2011 murder of a corrections officer in South Dakota

On April 12, 2011, at the South Dakota State Penitentiary in Sioux Falls, 63-year-old corrections officer Ronald Johnson was attacked and murdered by two inmates who were in the midst of a prison escape. They were later apprehended by other correctional officers while attempting to disguise themselves. The two prisoners, Eric Robert and Rodney Berget, were charged with murdering Johnson and were sentenced to death by the courts of South Dakota. Robert, who waived his right to appeal, was executed on October 15, 2012, while Berget, whose brother was sentenced to death in Oklahoma in 1987, was executed six years later on October 29, 2018, after also ending his appeals. A third prisoner, Michael Nordman, who provided the murder weapons, was sentenced to life in prison after pleading guilty to his role in the murder.

==Murder==
On the morning of April 12, 2011, the day of his 63rd birthday, corrections officer Ronald (RJ) Johnson, who had been on the job for 23 years and was close to retiring, was working in one of the two Pheasantland Industries (PI 1) shop buildings which are state owned, but private operated and located within the prison compound of South Dakota State Penitentiary, where inmates work on upholstery, printing, signs, furniture, and other projects. Johnson, who was alone in the shop, was attacked by two prisoners, Eric Robert and Rodney Berget, who bludgeoned Johnson severely with a pipe, and wrapped his head in plastic wrap. The attack on Johnson resulted in his death; an autopsy result revealed that Johnson suffered at least three fatal head wounds and multiple fractures to his hands and arms, which were consistent with defensive injuries.

At that time, Berget was serving two life sentences for kidnapping and attempted murder, while Robert was serving a sentence of 80 years for kidnapping.

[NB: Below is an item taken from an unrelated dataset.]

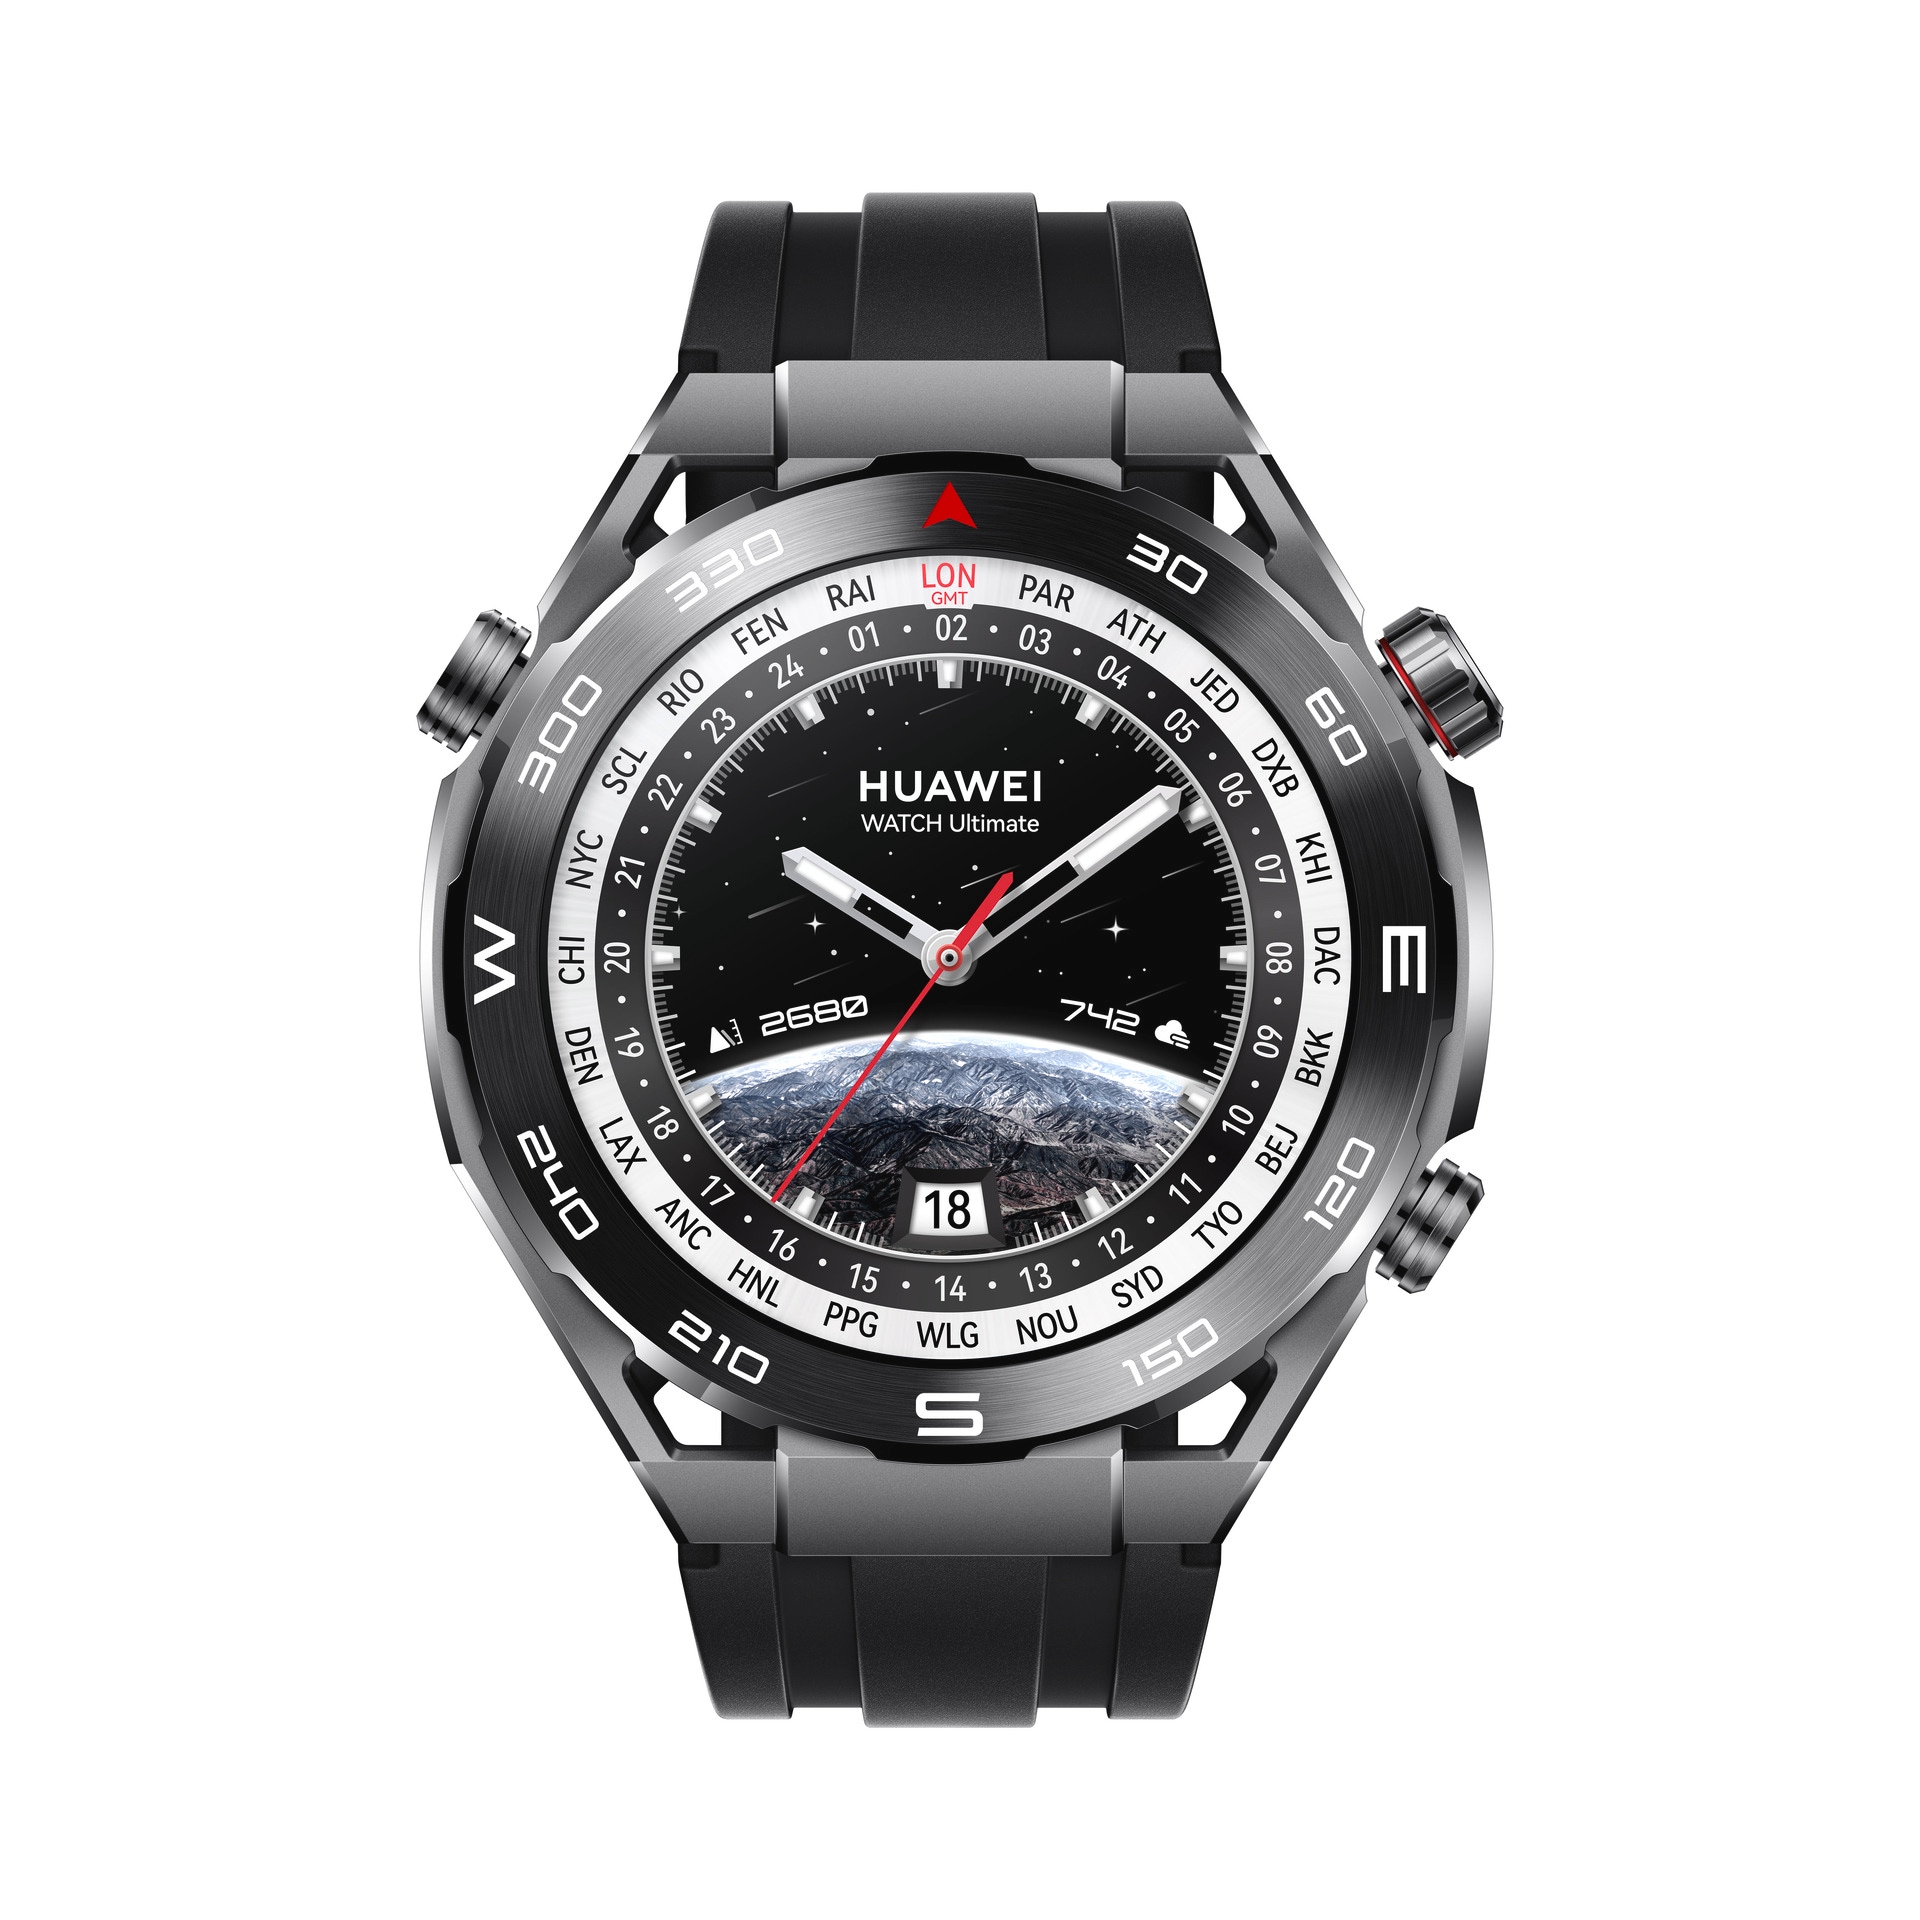 Huawei Smartwatch »Watch (Proprietär) UNIVERSAL | Ultimate«, kaufen

Both men, classified as maximum-security inmates, plotted to escape from prison since August 2010. Part of their plan was to masquerade as corrections officers by using the uniforms of the correctional staff to leave the facility. The two men, both aged 49, received the help of 47-year-old Michael Nordman, a convicted rapist who was serving a life term. Nordman provided the two men with the weapons they needed to facilitate their escape, specifically the pipe used to bludgeon Johnson to death and the plastic wrap used to cover his head. Robert and Berget waited until the shop was empty and Johnson was left alone. When that happened, they took the opportunity to attack and kill him.

After murdering Johnson and hiding his body, Robert put on Johnson's uniform and Berget climbed into a box placed on a cart. Posing as a corrections officer, Robert pushed the cart out of the shop and headed toward the vehicle gate sally port also known as West Gate of the prison compound. Jodi Hall, a female Corrections Officer who was working in the West Gate overpass observed that Robert had not swiped his identification card and asked him to identify himself. Although Robert tried to get away with it and introduced himself with a false identity, the plot was eventually discovered. An additional Corrections Corporal, Matthew Freeburg, was called to investigate. As Freeburg arrived, Robert began attacking him and Berget came out of the box he was concealed in to join in the assault. At one point the offenders tried to scale the exterior West Gate sally port gate in an attempt to climb out. Robert and Berget eventually surrendered and were subdued by the correctional officers.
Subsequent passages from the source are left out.